======== Raw data
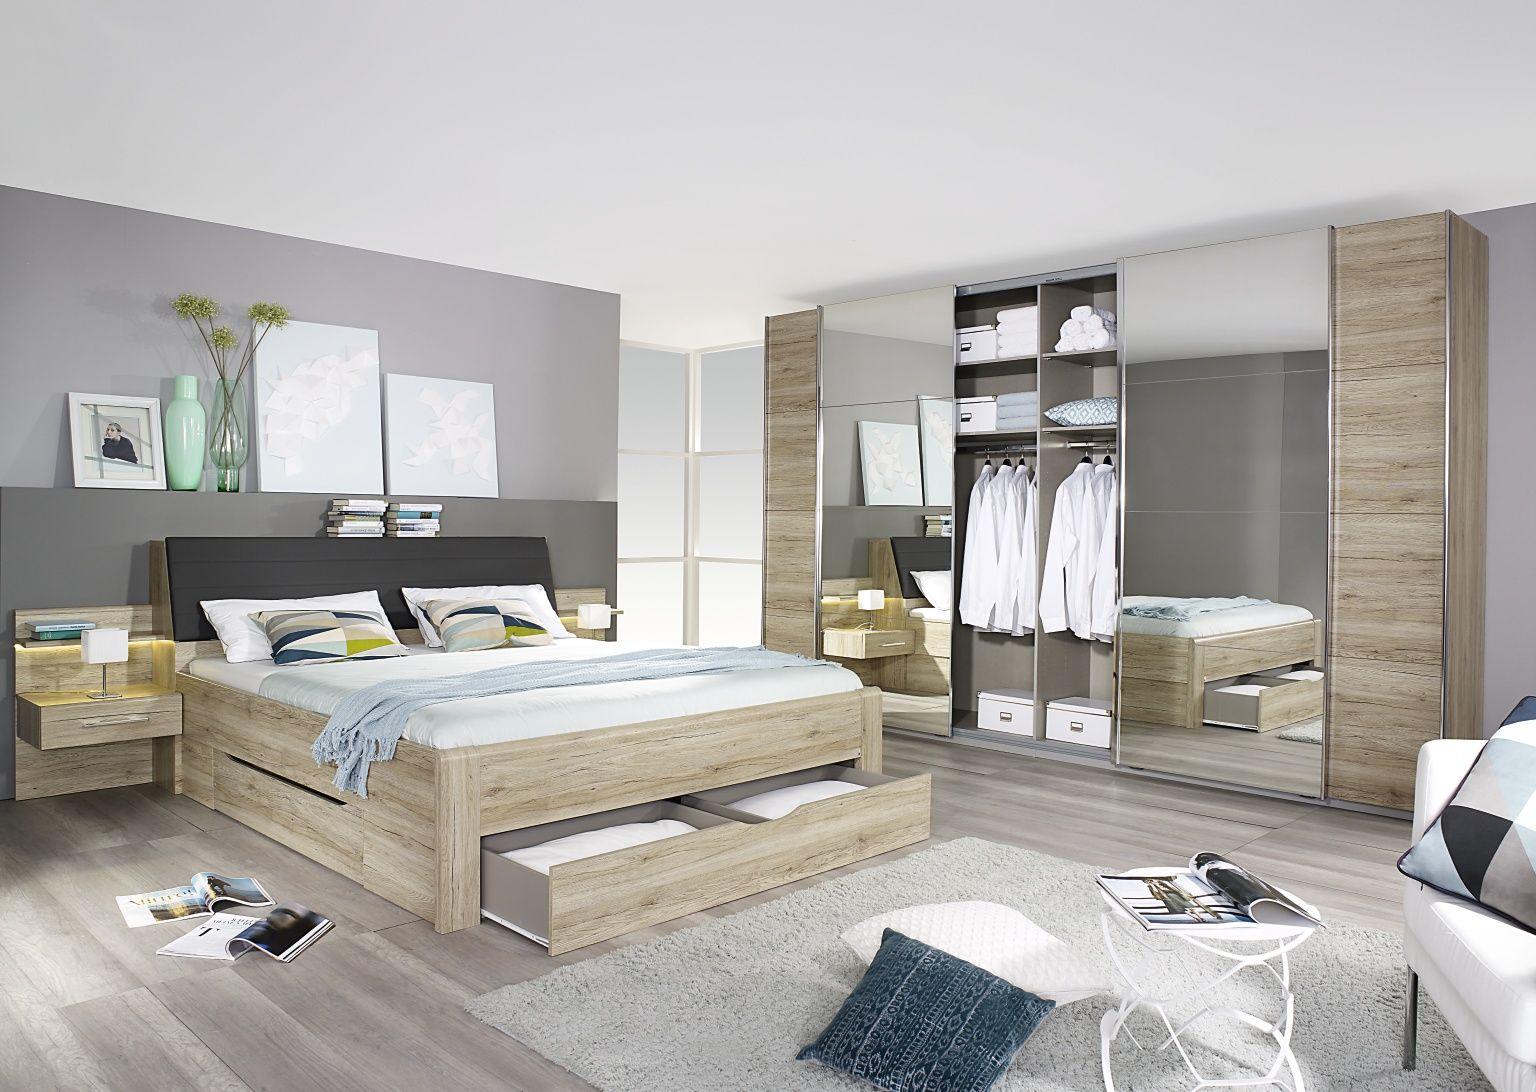 Bensheim Schlafzimmer Komplett Mit Bett Schrank Von Rauch Pack S Schlafzimmer Einrichten Zimmer Schlafzimmer Einrichten Ideen
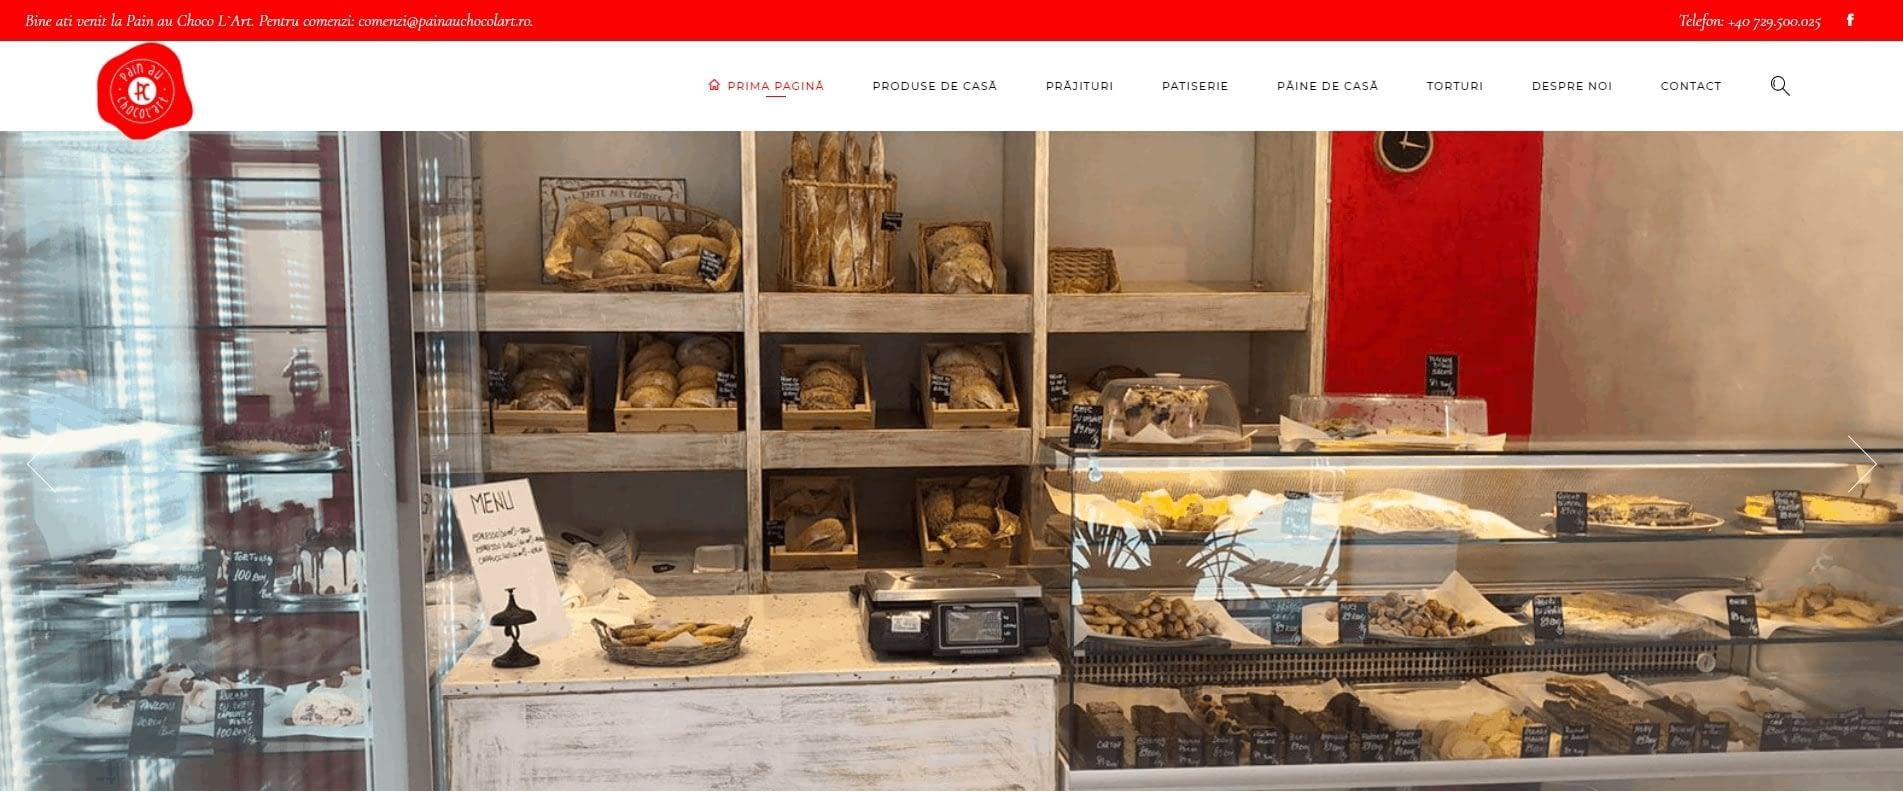 Site de prezentare food
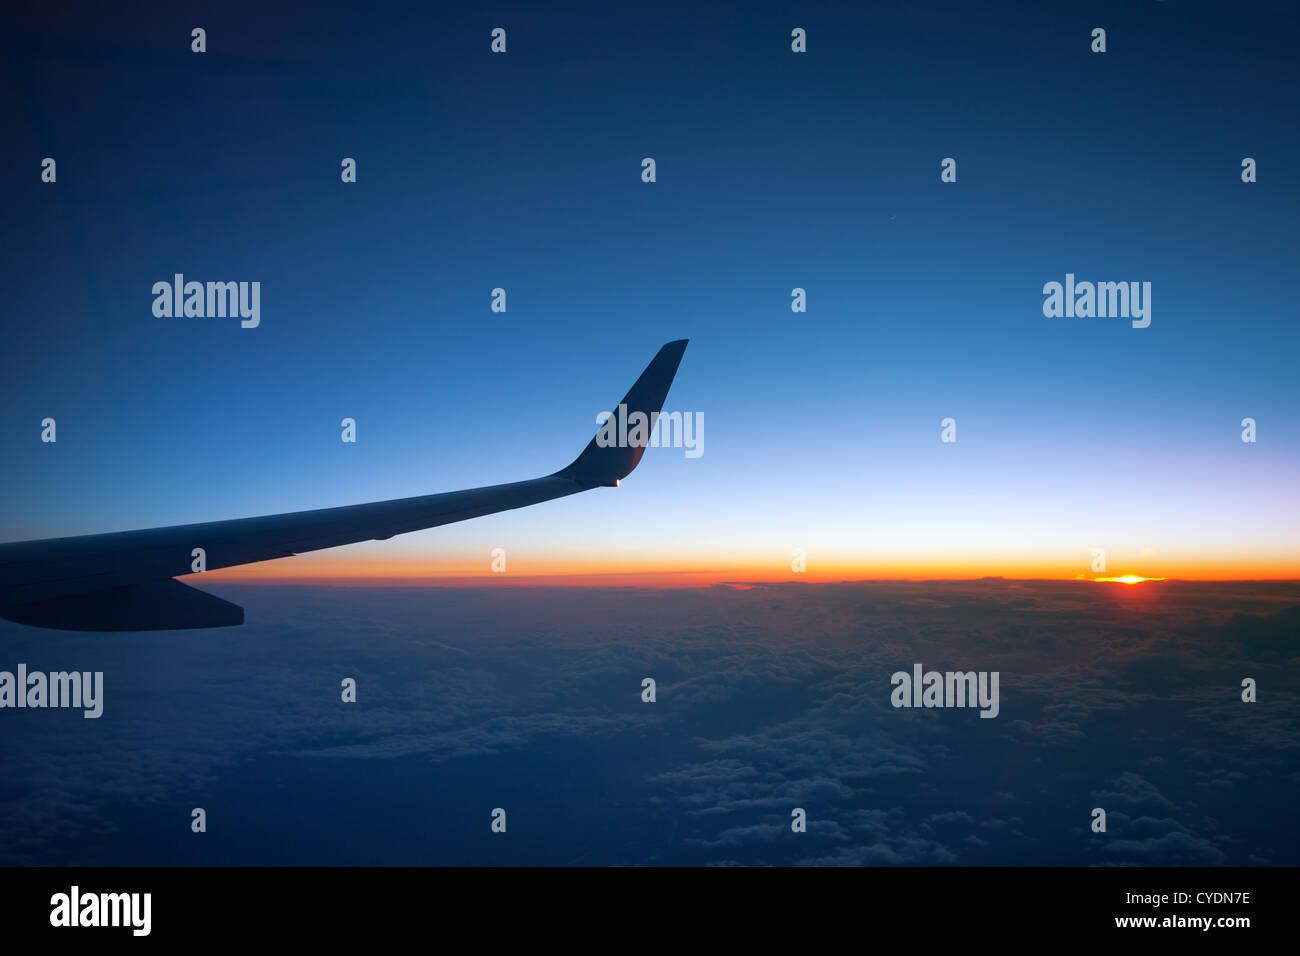 Über den Wolken - Sonnenuntergang mit Flugzeugflügel Stockbild
================
All of the data above needs to be given again exactly. Leave out each image.

#### Task answer
 Bensheim Schlafzimmer Komplett Mit Bett Schrank Von Rauch Pack S Schlafzimmer Einrichten Zimmer Schlafzimmer Einrichten Ideen
 Site de prezentare food
 Über den Wolken - Sonnenuntergang mit Flugzeugflügel Stockbild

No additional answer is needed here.